We first analyze the dispersion relation (4) for low frequencies $\omega \ll \omega _r$. In this case, $\alpha \approx \sqrt {\epsilon _r} k_r$, where $k_r=\omega _r/c$ ($c$ is the light speed in vacuum), then Eq. (4) becomes

(5)$${k=\sqrt{\epsilon_r}k_0\mathrm{coth}(\sqrt{\epsilon_r}k_r d)}.$$

Evidently, SMP has no low-frequency cutoff as expected, and at low frequencies, it is only allowed to propagate forward with $k>0$. From the dispersion relation (4), we find there exists an asymptotic frequency of $f_{sp}=f_r$ (where $f_r=\omega _r/2\pi$) for SMP, at which $k\rightarrow +\infty$. This asymptotic frequency is related to the magnetostatic resonance at the interface between the ferrite and metal, and it doesn’t occur in the simple system consisting of semi-infinite ferrite materials with $\textbf {M}_r^+$ and $\textbf {M}_r^-$, in which SMP has the dispersion relation

(6)$${k=\sqrt{\epsilon_r\mu}k_0},$$

which can be directly derived from Eq. (4) by letting $d\rightarrow +\infty$. The asymptotic frequency $f_r$ leads to a high-frequency cutoff for SMP in the waveguide.

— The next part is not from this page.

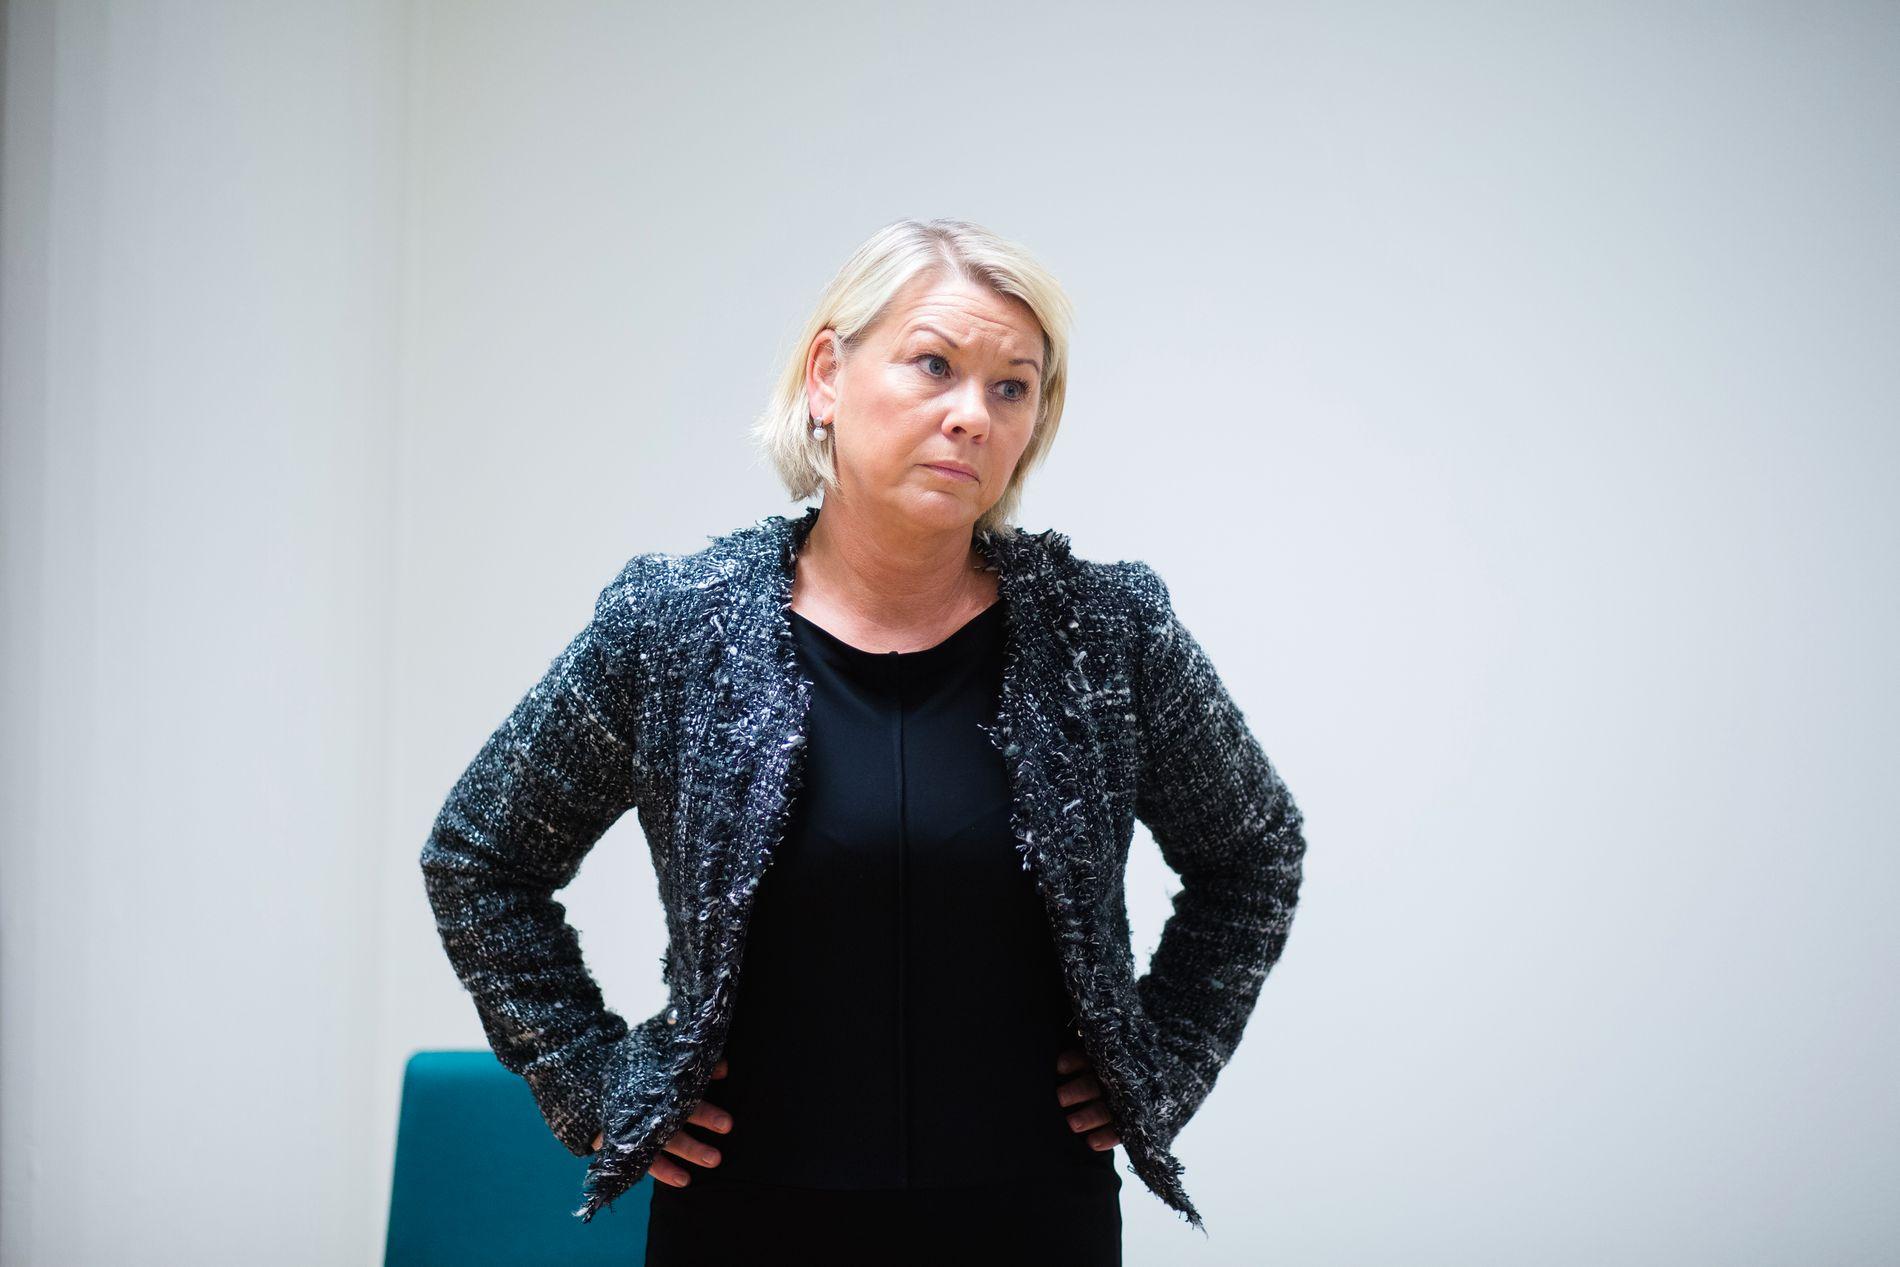 FÅR TROMS/FINNMARK I FANGET: Kommunal- og moderniseringsminister Monica Mæland (H) får besøk fra både Troms og Finnmark på sitt kontor i Akersgata i Oslo torsdag.

In the proposed waveguide, there also exist bulk modes that have a real transverse component of wave vector in the ferrite materials. However, different from the previous unidirectional waveguide [23], in which two ferrite materials (beside the dielectric layer) with opposite remanences are semi-infinite, the ferrite materials in the present waveguide are terminated by metal slab, and consequently bulk modes transform into discrete bound modes, due to the field confinement in the transverse direction. For convenience, we refer to these bound modes in the waveguide as bound bulk modes. Evidently, the dispersion of bound bulk modes is closely dependent on the thickness of the ferrite layers. So it is desired that by reducing the ferrite-layer thickness, the bulk-mode zone shifts up and then the ferrite-layer bandgap broadens. The dispersion relation for bound bulk mode can be derived from Eq. (4) by replacing $\alpha$ with $ip$, which yields

(7)$${k-\frac{\mu}{\kappa}p\mathrm{cot}(pd)=0},$$

where $p=\sqrt {\epsilon _r\mu _{\mathrm {v}}k_{0}^{2}-k^{2}}=\sqrt {\epsilon _r(k_0^2-k_r^2)-k^2}$ being a real-valued number in the lossless case ($\nu =0$). Obviously, bound bulk modes require $k_0>k_r$, i.e., $f>f_r$, so they are located above the SMP band. Therefore, the whole dispersion curve for SMP is a CUP band, which is terminated by $f_{sp}$ from above, and the CUP bandwidth is equal to $f_r$. In contrast, the CUP band for the previous waveguide with remanence ranges from $f_r/2$ to $f_r$ and the bandwidth is only $f_r/2$. So the CUP bandwidth for the present waveguide is twice larger than previous one.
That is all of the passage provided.